Natural Language Processing meets social media corpora

by Yin Yin Lu (University of Oxford)

From 17-19 May I attended the CLARIN workshop on the ‘Creation and Use of Social Media Resources’ in Kaunas, Lithuania. The thirty participants represented a broad range of backgrounds: computer science, corpus linguistics, political science, sociology, communication and media studies, sociolinguistics, psychology, and journalism. Our goal was to share best practises in the large-scale collection and analysis of social media data, particularly from a natural language processing (NLP) perspective.

As Michael Beißwenger noted during the first workshop session, there is a ‘social media gap’ in the corpus linguistics landscape. This is because social media corpora are the “naughty stepchild” of text and speech corpora. Traditional natural language processing tools (for, e.g., news articles, political documents, speeches, essays, books) are not always appropriate for social media texts, given the unique communicative characteristics of such texts. Part-of-speech tagging, tokenisation, dependency parsing, sentiment analysis, irony detection, and topic modelling are notoriously difficult. In addition, the personal nature of much social media creates legal and ethical challenges for the data mining and dissemination of social media corpora: Twitter, for example, forbids researchers from publishing collections of tweets; only their IDs can be shared.

I made invaluable connections with researchers at the intersection of NLP and social media data – and Twitter data in particular, which is the area of my own research. Dirk Hovy, an associate professor at the University of Copenhagen, spoke broadly about the challenges of NLP: engineers assume that all language is identically and independently distributed. This is clearly not true, as language is driven by demographic differences. How can we add extra-linguistic information to NLP models? His proposed solution is word embedding: transforming words into vectors, trained on large amounts of data from different demographic groups. These vectors should capture the linguistic peculiarities of the groups.

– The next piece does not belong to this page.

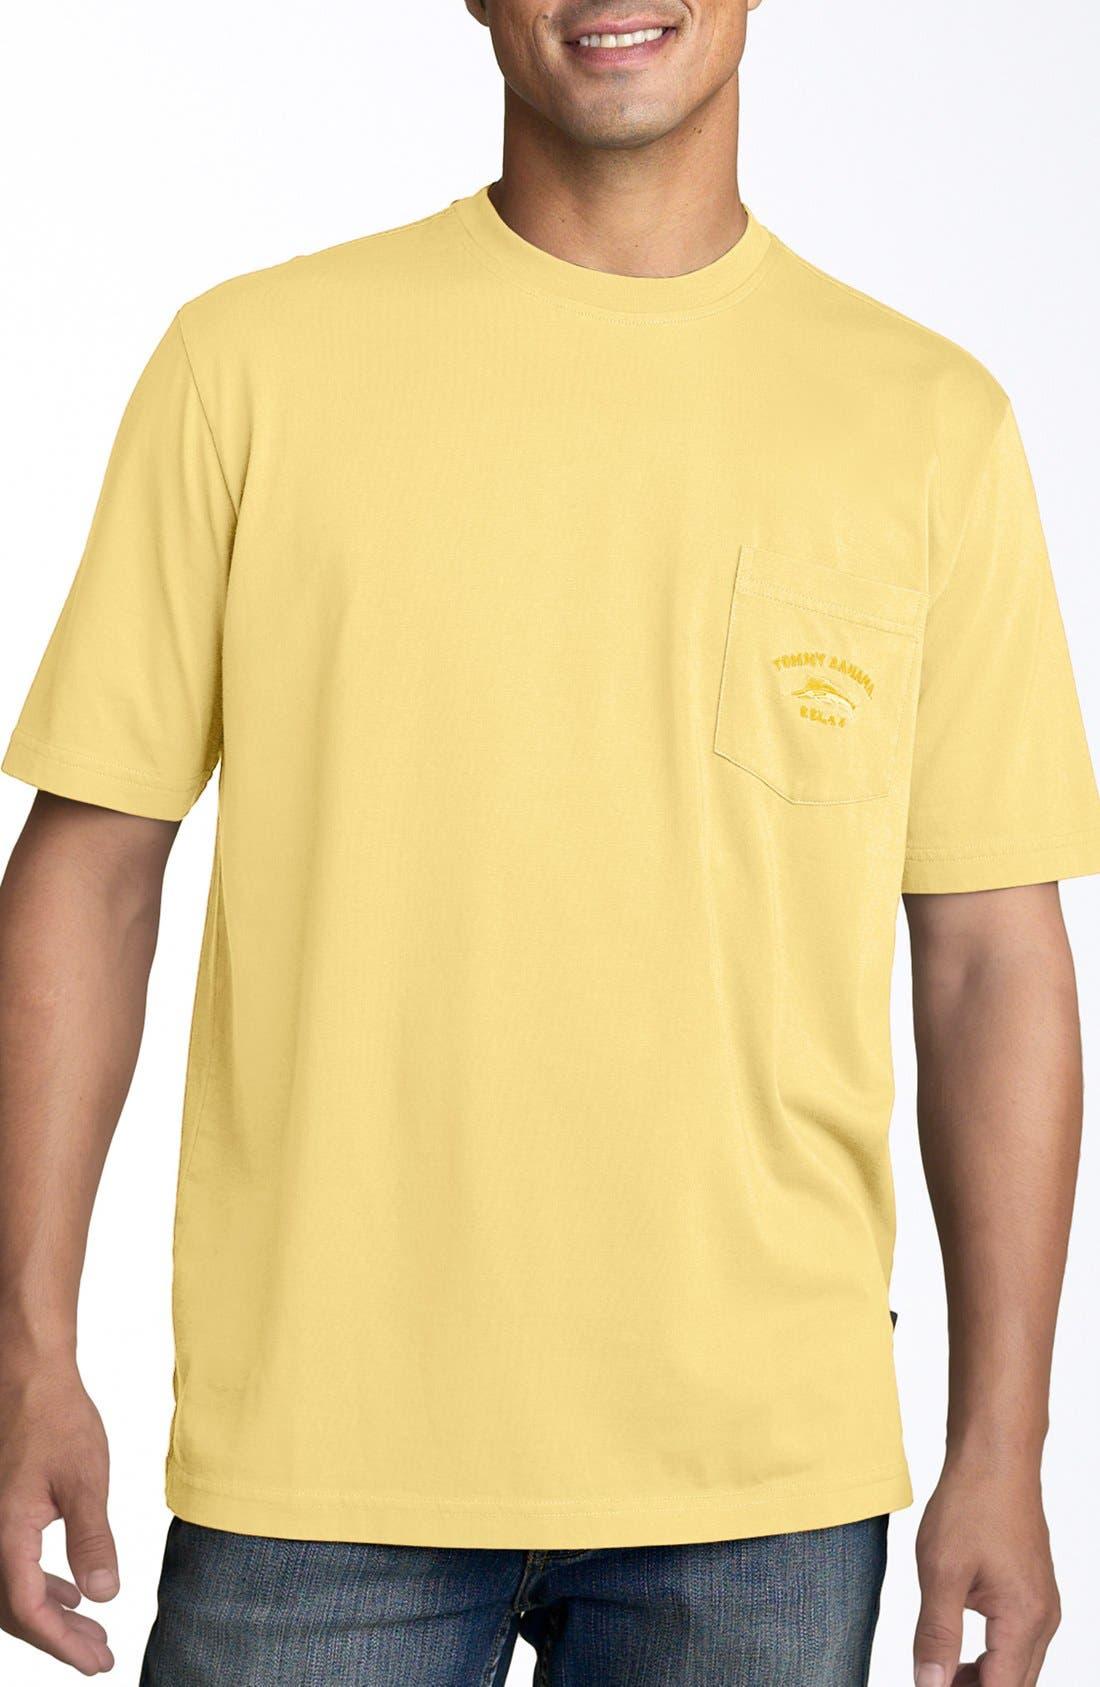 Main Image - Tommy Bahama Relax 'Bali High Tide' Regular Fit T-Shirt (Big & Tall)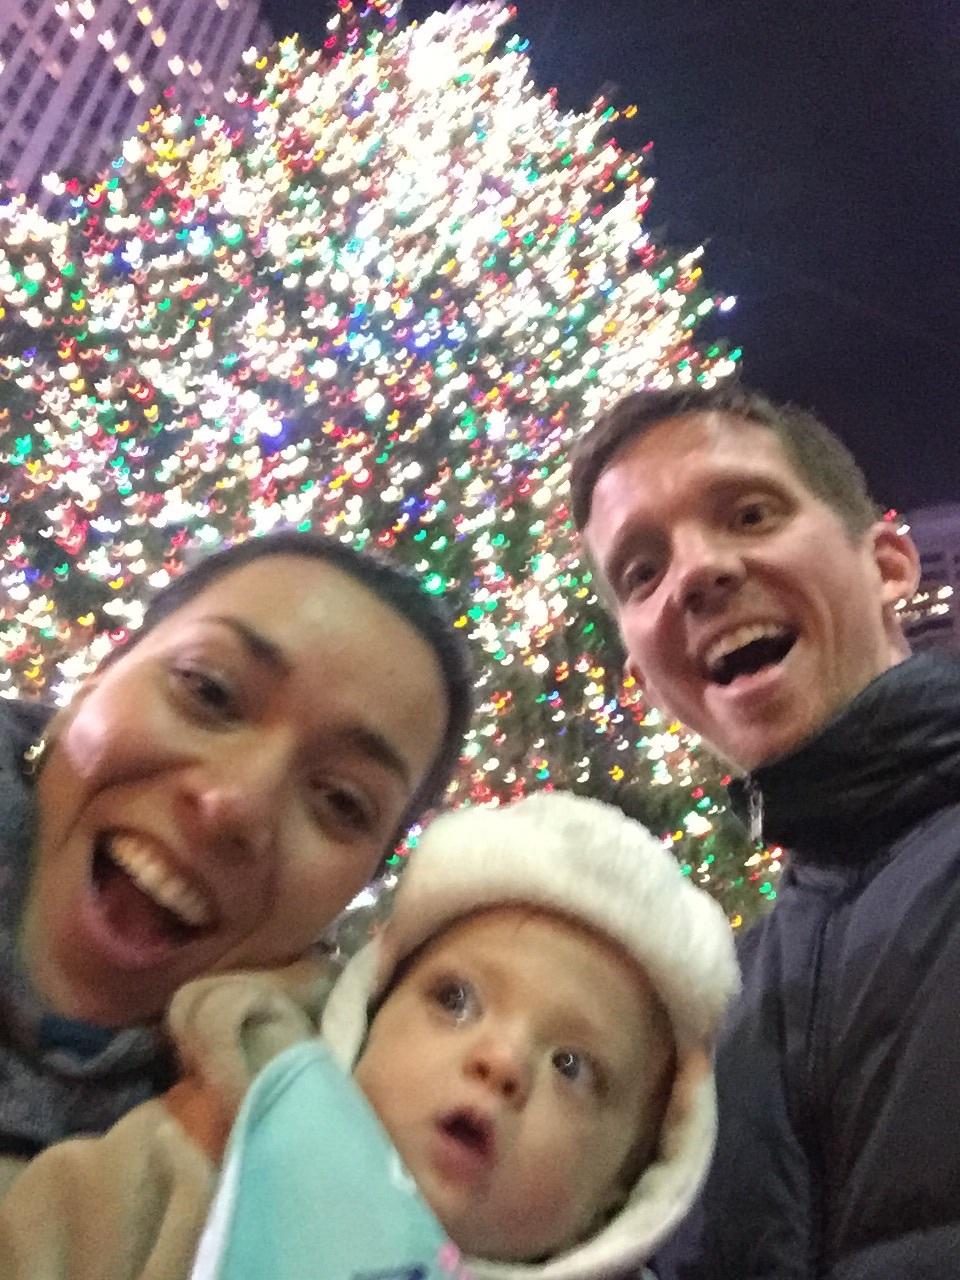 Blurry selfie at Rockefeller Center

A variant of word embedding is document embedding – and tweets can be treated as documents. Thus, it should be possible to transform tweets into vectors to capture the demographic-driven linguistic differences that they contain. I will be applying this approach to my own corpus of 12 million tweets related to the EU referendum.

Andrea Cimino, a postdoc from the Italian NLP Lab, spoke about his work on adapting existing NLP tools—which are trained on traditional text—for social media text. The NLP Lab has developed the best POS tagger for social media based upon deep neural networks (long short-term memory), which are able to capture long relationships between words in a sentence. The tagger has achieved 93.2% accuracy, and is currently only valid on Italian texts. Similar taggers can be developed for English texts, given the appropriate training data.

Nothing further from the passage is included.